Черный Иркут - [8]

Шрифт
Интервал

Я бежал с Магадана,
Слышал выстрел нагана,
 Кто-то падал убитый,
 И кричал комендант.
Дождик капал на рыло
И на дуло нагана.
Вохра нас окружила.
«Руки в гору!» — кричат.
Но они просчитались,
Окруженье пробито —
Нас теперь не догонит
 Револьверный заряд.

До сих пор не пойму, как в наших головах уживались звучащие по радио песни про пионеров, детей рабочих, и что наша обязанность в жизни — стать героями нашего времени с тем, что мы видели и слышали на улице. Конечно, от всего, что окружало нас, шторой или занавеской не отгородишься. Когда случалось очередное ЧП и школе приходилось выгонять очередного ученика, то виноват, как правило, был тот, кого выгоняли. Однако мы не всегда с этим соглашались; жизнь доказывала, что понуждение человека не исправляло. Мы еще не доросли до того, чтобы спорить с учителями: пошушукаемся, поговорим меж собой — и побежали дальше. Единственным человеком, кому мы могли доверить свои сомнения, была учительница истории Анна Константиновна. После чьей-то выходки она сказала:

— Что поделаешь, бытие определяет наше сознание.

Катя возразила, заявив, что у миллионеров свое бытие, а у бомжей свое.

— Но к этой жизни у каждого был свой путь, своя история, — грустно улыбнулась Анна Константиновна. — Так устроен мир.

— А нам говорят: мы рождены, чтоб сказку сделать былью, — со всей прямотой решил поддержать Катю я.

— Так в чем вопрос? Сделайте!

Все эти рассуждения и разговоры о справедливости мы понимали по-своему и вытаскивали из загашников такой аргумент: есть костюм на выход, а есть уличная одежда для повседневности. Каждой одежде — свое время и место. Вот оно, наше бытие.

…На крик Короля Мотаня среагировал быстро. Он приподнялся, отложил в сторону гитару и крупными шагами направился в нашу сторону. Дохлого он не знал, зато хорошо знал меня.
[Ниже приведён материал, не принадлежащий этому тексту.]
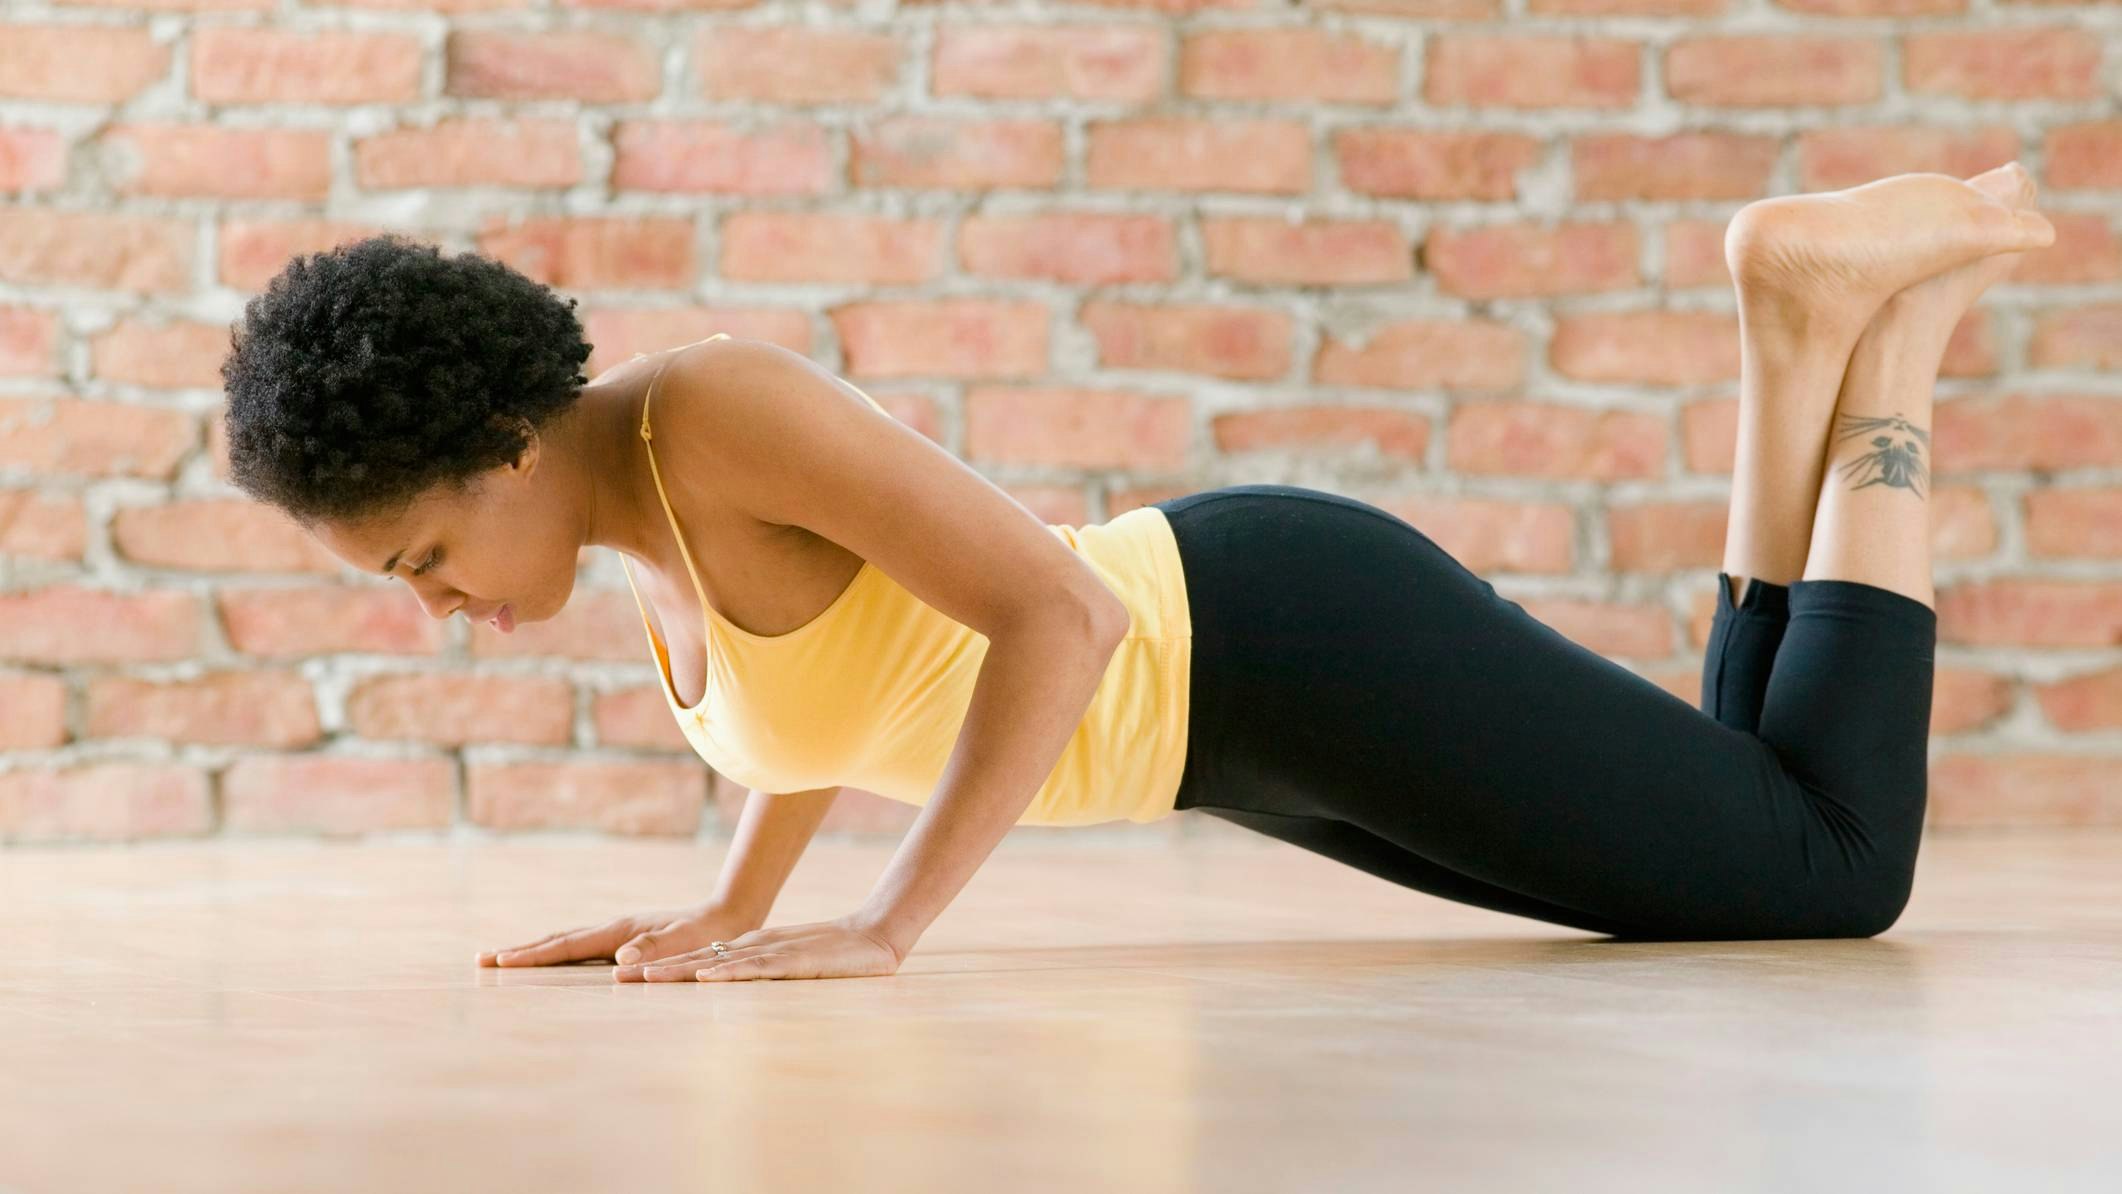 Woman performing a knee-down push-up

Ведь именно мне он однажды чуть не оторвал ухо за такую частушку, которую я спел, когда он проходил мимо:

Я Мотаню драл на бане,
Драл его с припевочкой:
«Ты поплачь, поплачь, Мотаня,
Уж не будешь целочкой».

Вся уличная шпана, увидев разозленного верзилу, сыпанула кто куда. Рванул домой и я. Выкрикивая ругательства, Мотаня бросился следом.

На улице существовало правило: если ты забежал к себе в ограду, то погоня прекращалась. Но Мотаня вошел в раж, ногой высадил калитку, затем выбил дверь в сени. Дверь в дом сразу не поддалась, однако я видел: еще немного — и он вырвет крючок. И тогда я открыл сам. В темном проеме показалась бульдожья рожа; увидев меня, Мотаня усмехнулся. Дома никого не было, и я как парализованный растерянно смотрел на пьяного громилу. Тут за его спиной внезапно нарисовался Дохлый. Круглым поленом он что есть силы вмазал Мотаню по башке. От удара кепка съехала тому на нос, глаза скрылись под козырьком, он начал медленно поворачиваться. Дохлый повторил — попытка оказалась удачнее и Мотаня стал оседать.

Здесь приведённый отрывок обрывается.